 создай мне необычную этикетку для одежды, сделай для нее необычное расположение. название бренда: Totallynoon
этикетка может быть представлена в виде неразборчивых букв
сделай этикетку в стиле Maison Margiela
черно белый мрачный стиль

▶ [Exercise objective] Whenever the string "этикетку" turns up in a line of the data, copy that line.

▶ [Result of the exercise]
 создай мне необычную этикетку для одежды, сделай для нее необычное расположение. название бренда: Totallynoon
сделай этикетку в стиле Maison Margiela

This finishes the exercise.